Records from a data collection
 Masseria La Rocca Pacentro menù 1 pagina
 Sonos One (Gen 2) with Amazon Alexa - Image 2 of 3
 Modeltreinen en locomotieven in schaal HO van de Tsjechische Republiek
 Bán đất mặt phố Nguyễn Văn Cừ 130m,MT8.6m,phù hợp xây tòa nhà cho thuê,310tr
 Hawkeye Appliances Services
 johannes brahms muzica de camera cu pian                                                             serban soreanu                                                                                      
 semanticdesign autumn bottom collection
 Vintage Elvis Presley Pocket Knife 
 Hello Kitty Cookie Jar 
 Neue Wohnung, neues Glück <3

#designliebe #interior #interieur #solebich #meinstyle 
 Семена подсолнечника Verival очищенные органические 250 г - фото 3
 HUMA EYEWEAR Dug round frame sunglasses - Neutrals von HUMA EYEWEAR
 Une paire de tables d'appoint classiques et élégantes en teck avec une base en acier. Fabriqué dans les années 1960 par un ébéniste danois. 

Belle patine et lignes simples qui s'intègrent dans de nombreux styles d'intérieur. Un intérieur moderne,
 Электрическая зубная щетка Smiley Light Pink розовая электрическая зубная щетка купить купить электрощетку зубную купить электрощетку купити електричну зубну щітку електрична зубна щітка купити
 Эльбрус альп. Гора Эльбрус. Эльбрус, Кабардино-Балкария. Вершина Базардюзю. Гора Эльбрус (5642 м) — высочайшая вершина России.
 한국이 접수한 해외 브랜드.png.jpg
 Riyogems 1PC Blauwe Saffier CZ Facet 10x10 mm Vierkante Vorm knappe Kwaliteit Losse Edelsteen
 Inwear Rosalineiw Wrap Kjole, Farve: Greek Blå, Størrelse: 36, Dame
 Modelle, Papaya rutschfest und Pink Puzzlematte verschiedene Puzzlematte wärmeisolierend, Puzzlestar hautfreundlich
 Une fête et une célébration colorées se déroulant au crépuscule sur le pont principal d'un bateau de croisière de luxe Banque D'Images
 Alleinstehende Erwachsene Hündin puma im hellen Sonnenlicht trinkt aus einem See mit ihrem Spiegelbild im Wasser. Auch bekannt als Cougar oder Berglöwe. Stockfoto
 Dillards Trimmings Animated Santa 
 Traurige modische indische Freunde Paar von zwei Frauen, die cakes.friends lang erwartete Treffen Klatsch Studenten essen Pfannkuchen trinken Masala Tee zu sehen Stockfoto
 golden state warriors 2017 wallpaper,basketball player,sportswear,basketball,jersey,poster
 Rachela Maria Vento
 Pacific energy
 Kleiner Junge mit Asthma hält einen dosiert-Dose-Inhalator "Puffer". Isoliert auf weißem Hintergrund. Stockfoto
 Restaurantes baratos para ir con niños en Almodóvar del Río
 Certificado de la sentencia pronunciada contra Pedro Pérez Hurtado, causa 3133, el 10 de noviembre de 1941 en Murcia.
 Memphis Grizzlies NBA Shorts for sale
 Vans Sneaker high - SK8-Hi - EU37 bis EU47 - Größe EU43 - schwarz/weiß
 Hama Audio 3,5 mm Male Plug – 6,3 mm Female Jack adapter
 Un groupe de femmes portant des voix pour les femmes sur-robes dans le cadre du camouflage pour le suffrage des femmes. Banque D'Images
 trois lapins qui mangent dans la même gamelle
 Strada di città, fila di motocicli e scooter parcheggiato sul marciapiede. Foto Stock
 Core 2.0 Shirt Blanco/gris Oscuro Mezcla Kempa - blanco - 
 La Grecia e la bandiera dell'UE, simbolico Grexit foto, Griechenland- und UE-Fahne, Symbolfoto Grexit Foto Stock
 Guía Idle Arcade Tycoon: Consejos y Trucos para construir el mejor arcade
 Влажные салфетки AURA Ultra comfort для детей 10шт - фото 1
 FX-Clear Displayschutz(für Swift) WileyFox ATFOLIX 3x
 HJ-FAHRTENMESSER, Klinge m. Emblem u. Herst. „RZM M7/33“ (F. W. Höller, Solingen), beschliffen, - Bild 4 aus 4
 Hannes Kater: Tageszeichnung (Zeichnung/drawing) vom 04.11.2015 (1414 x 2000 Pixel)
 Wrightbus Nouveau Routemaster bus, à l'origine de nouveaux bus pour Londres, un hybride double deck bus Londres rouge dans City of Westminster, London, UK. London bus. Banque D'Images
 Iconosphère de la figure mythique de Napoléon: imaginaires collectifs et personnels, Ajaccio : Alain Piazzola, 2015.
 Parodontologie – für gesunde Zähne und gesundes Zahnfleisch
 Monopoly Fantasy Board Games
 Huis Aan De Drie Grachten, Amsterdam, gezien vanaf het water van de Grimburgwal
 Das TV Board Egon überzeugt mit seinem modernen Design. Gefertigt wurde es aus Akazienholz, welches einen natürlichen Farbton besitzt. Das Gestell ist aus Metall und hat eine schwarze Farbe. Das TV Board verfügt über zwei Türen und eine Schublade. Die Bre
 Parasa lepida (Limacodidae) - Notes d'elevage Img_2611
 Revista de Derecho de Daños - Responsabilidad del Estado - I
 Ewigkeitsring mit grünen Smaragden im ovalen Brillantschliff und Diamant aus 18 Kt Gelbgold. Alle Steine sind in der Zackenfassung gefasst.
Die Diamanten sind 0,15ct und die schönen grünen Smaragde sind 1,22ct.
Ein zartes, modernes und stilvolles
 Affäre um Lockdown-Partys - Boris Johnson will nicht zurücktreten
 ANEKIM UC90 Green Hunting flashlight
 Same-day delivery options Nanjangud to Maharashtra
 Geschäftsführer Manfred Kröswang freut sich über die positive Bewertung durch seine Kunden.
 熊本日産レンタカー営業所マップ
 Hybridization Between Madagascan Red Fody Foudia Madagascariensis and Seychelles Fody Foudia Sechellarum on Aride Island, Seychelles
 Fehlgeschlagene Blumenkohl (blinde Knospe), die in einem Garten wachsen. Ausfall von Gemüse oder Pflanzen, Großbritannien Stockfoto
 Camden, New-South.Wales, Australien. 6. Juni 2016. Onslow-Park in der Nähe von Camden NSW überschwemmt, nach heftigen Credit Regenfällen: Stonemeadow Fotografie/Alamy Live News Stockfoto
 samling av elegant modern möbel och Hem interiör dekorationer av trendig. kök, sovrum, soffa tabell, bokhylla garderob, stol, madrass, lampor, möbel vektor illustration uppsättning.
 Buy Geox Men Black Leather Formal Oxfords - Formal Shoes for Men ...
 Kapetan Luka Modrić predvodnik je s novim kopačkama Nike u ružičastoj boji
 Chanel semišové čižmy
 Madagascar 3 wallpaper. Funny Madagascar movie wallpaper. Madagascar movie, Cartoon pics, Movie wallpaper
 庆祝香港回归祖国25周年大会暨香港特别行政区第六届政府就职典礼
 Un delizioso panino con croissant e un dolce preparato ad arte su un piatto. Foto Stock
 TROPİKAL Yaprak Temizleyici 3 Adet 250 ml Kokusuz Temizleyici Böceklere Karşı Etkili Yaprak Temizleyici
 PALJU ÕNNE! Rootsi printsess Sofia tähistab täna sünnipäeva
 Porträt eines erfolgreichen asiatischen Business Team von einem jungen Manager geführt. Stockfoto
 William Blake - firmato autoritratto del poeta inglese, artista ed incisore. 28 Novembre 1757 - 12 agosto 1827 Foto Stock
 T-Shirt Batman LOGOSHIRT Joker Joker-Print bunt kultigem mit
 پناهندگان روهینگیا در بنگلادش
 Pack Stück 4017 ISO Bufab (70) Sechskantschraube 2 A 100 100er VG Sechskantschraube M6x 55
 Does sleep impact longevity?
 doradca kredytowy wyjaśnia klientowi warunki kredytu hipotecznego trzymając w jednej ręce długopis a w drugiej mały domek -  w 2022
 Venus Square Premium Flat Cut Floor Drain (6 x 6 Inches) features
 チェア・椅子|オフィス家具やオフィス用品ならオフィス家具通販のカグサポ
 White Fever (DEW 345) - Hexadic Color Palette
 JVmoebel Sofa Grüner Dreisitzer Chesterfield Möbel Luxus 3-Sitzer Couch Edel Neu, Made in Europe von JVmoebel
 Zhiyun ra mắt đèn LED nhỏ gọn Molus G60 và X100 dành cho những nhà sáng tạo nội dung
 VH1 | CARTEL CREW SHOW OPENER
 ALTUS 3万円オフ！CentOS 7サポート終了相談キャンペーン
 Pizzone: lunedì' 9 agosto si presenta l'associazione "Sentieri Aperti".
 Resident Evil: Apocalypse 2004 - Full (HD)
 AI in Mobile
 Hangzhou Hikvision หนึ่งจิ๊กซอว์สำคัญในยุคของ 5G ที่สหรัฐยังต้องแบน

[TASK STATEMENT]:
Copy out each line of the data above, exactly, if it lies between the line holding "Une fête et" and the line holding "Traurige modische indische", inclusive; copy no other line.

[SOLUTION TO THIS TASK]:
 Une fête et une célébration colorées se déroulant au crépuscule sur le pont principal d'un bateau de croisière de luxe Banque D'Images
 Alleinstehende Erwachsene Hündin puma im hellen Sonnenlicht trinkt aus einem See mit ihrem Spiegelbild im Wasser. Auch bekannt als Cougar oder Berglöwe. Stockfoto
 Dillards Trimmings Animated Santa 
 Traurige modische indische Freunde Paar von zwei Frauen, die cakes.friends lang erwartete Treffen Klatsch Studenten essen Pfannkuchen trinken Masala Tee zu sehen Stockfoto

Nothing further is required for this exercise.